When a man by the name of Edmund Germer born in Berlin, Germany invented a high pressure vapor lamp. He improved the fluorescent lamp and the high-pressure mercury-vapor lamp so that it allowed more lighting with less heat and less cost than the incandescent light.

The German born inventor was quite involved in the lighting industry. He graduated with a doctorate in lighting technology from the University of Berlin. His goal was to invent a better light source that produced higher lumen output and lower energy consumption compared to the incandescent lamp.

Later in 1930 he freelance with Osram and Phillips where it led him to licensed to General Electric his fluorescent lamp and high-pressure mercury-vapor lamp. He later brought his family to America in 1951 . In the years of 1926 to 1955 he obtained 22 patents in the United States and 30 from Germany which he was the sole inventor.

He died in Aug 10 1987 but the idea of improving or changing has never stopped.

You see fluorescent lamps everywhere – they are a much part of our everyday living to stores, business, homes, hospital and the list goes on. Did you ever wonders how they work? What makes them do what they do? The next few articles will tell you just that.

To see how fluorescent lamps works, you need to know a little about lighting itself. Light is a form of energy that can be released by an atom. It has many small particle-like packets that have energy and momentum but no mass. The particles are called light photons and is the basic unit of light.

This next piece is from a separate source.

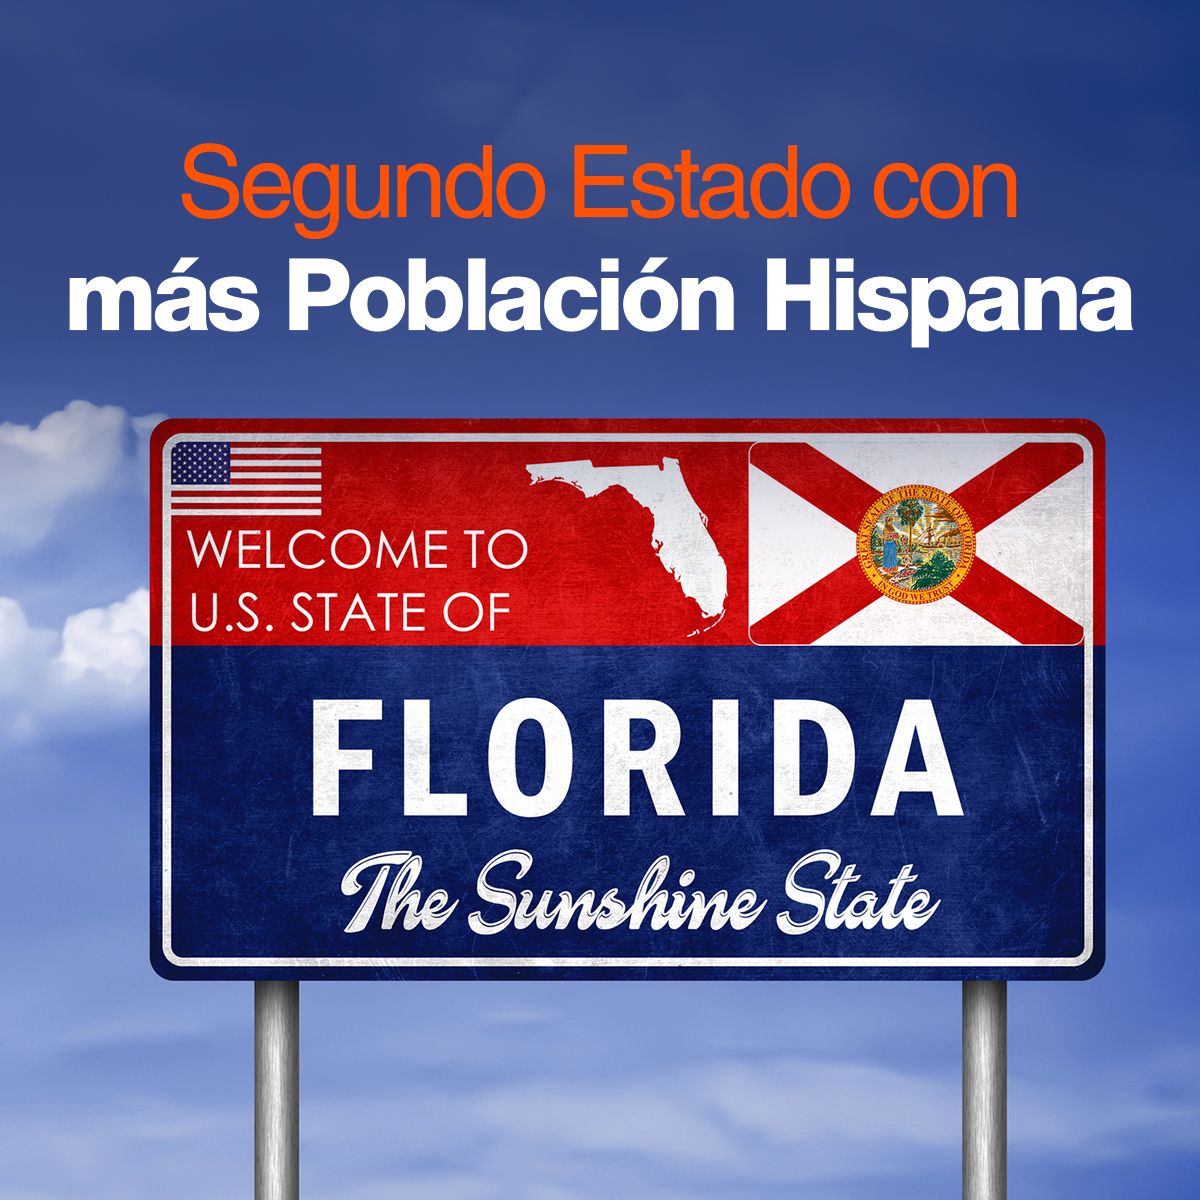 Florida: Segundo estado con más población Hispana

Well atoms release light photons when electrons become excited. To see how a Atom works you need to know electrons are the negatively charged particles that move around an atom’s nucleus (which has a net positive charge). An atom’s electrons have different levels of energy, depending on different factors, including speed and the distance from the nucleus. Electrons of different energy levels occupy different orbital. Therefore, electrons with greater energy move in orbital farther away from the nucleus.

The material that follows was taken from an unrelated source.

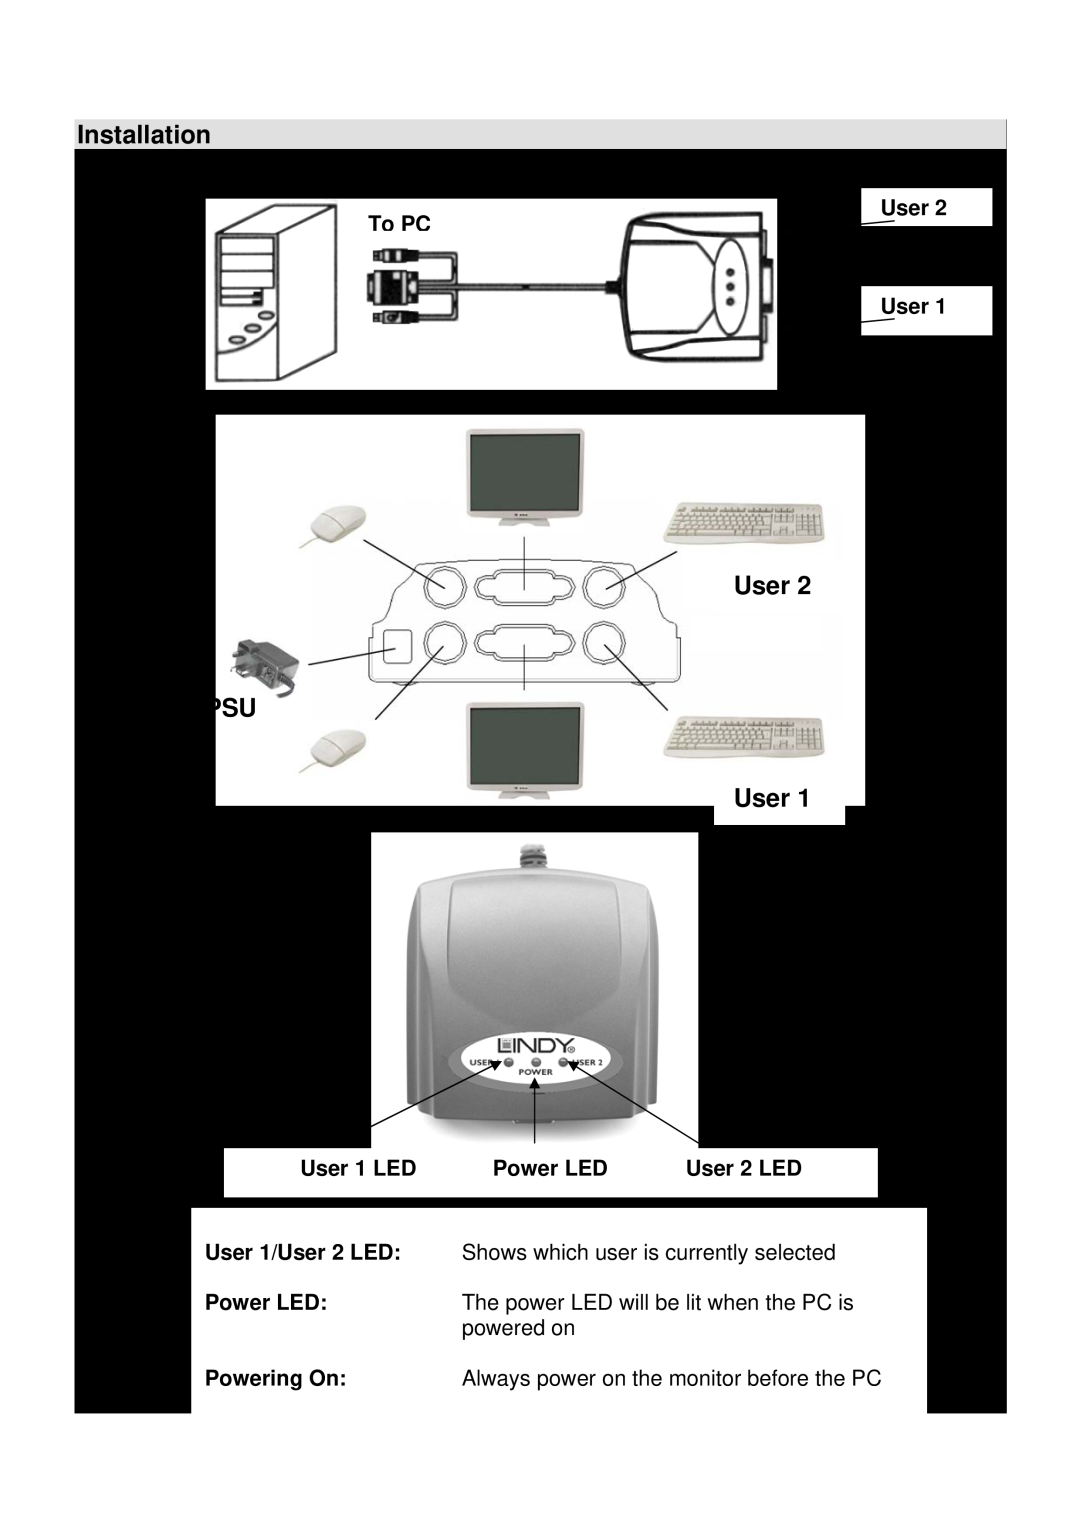 Lindy 39122 user manual Installation, User PSU User, To PC, User User, User 1 LED, Power LED, User 2 LED

When an atom gains or loses energy, the change is done by movement of the electrons. When something passes e nergy thru an atom, like heat for an example. A electron is temporarily boosted to a higher orbital pulling away from the nucleus. The electron only holds that position for a tiny fraction of a second. Then immediately, it drawn back toward the nucleus, unto its original orbital. As it goes back to its original orbital the electron releases the extra energy in the form of a photon, in some cases a light photon.

How much energy released will produce the emitted light. Which all depends on the particular position of the electron. Consequently different sorts of atoms will produce different sorts of light photons. In other words the color of the light is determined by what kind of atom is excited.

That is pretty much the bases of all lighting sources. The main difference between theses sources is the process of exciting the atoms. Take for example an incandescent light bulb, or gas lamp, the atoms are exited by heat. A light stick, atoms are exited by chemical reaction. Now fluorescents lamps have one of most complicated systems for exciting atoms as you will see in our next section.

The central element in a fluorescent lamp is a sealed glass tube. The tube contains a small bit of mercury and inert gas, typically argon kept under very low pressure. The tube also contains a phosphor powder, coated along the inside of the glass. The tube also has two electrodes, one at each end, which are wired to an electrical circuit. The electrical circuit is hooked up to an alternating current (AC) supply. When the lamp is turned on the current flows through the electrical circuit to the electrodes. There is a considerable voltage across the electrodes, so electrons will migrate through the gas from one end of the tube to the other. This energy changes some of the mercury in the tube from a liquid to a gas. As electrons and charged atoms move through the tube, some of them will collide with the gaseous mercury atoms. These collisions excite the atom, bumping electrons up to higher energy levels. When the electrons return to their original energy level, they release light photons.

The electrons in mercury atoms are arranged in such a way that they mostly release light photons in the ultraviolet wavelength range. Our eyes don’t register ultraviolet photons, so this kind of light needs to be converted into visible light to illuminate the lamp. This is where the tube’s phosphor powder coating comes in. Phosphors are substances that give off light when they are exposed to light. When a photon hits a phosphor atom, one of the phosphor’s electrons jumps to a higher energy level and the atom heats up. When the electron falls back to its normal level, it releases energy in the form of another photon. This photon has less energy than the original photon, because some energy was lost as heat. In a fluorescent lamp, the emitted light is the visible spectrum the phosphor gives off white light we can see. Now manufactures can vary the color of the light by using different combinations of phosphors.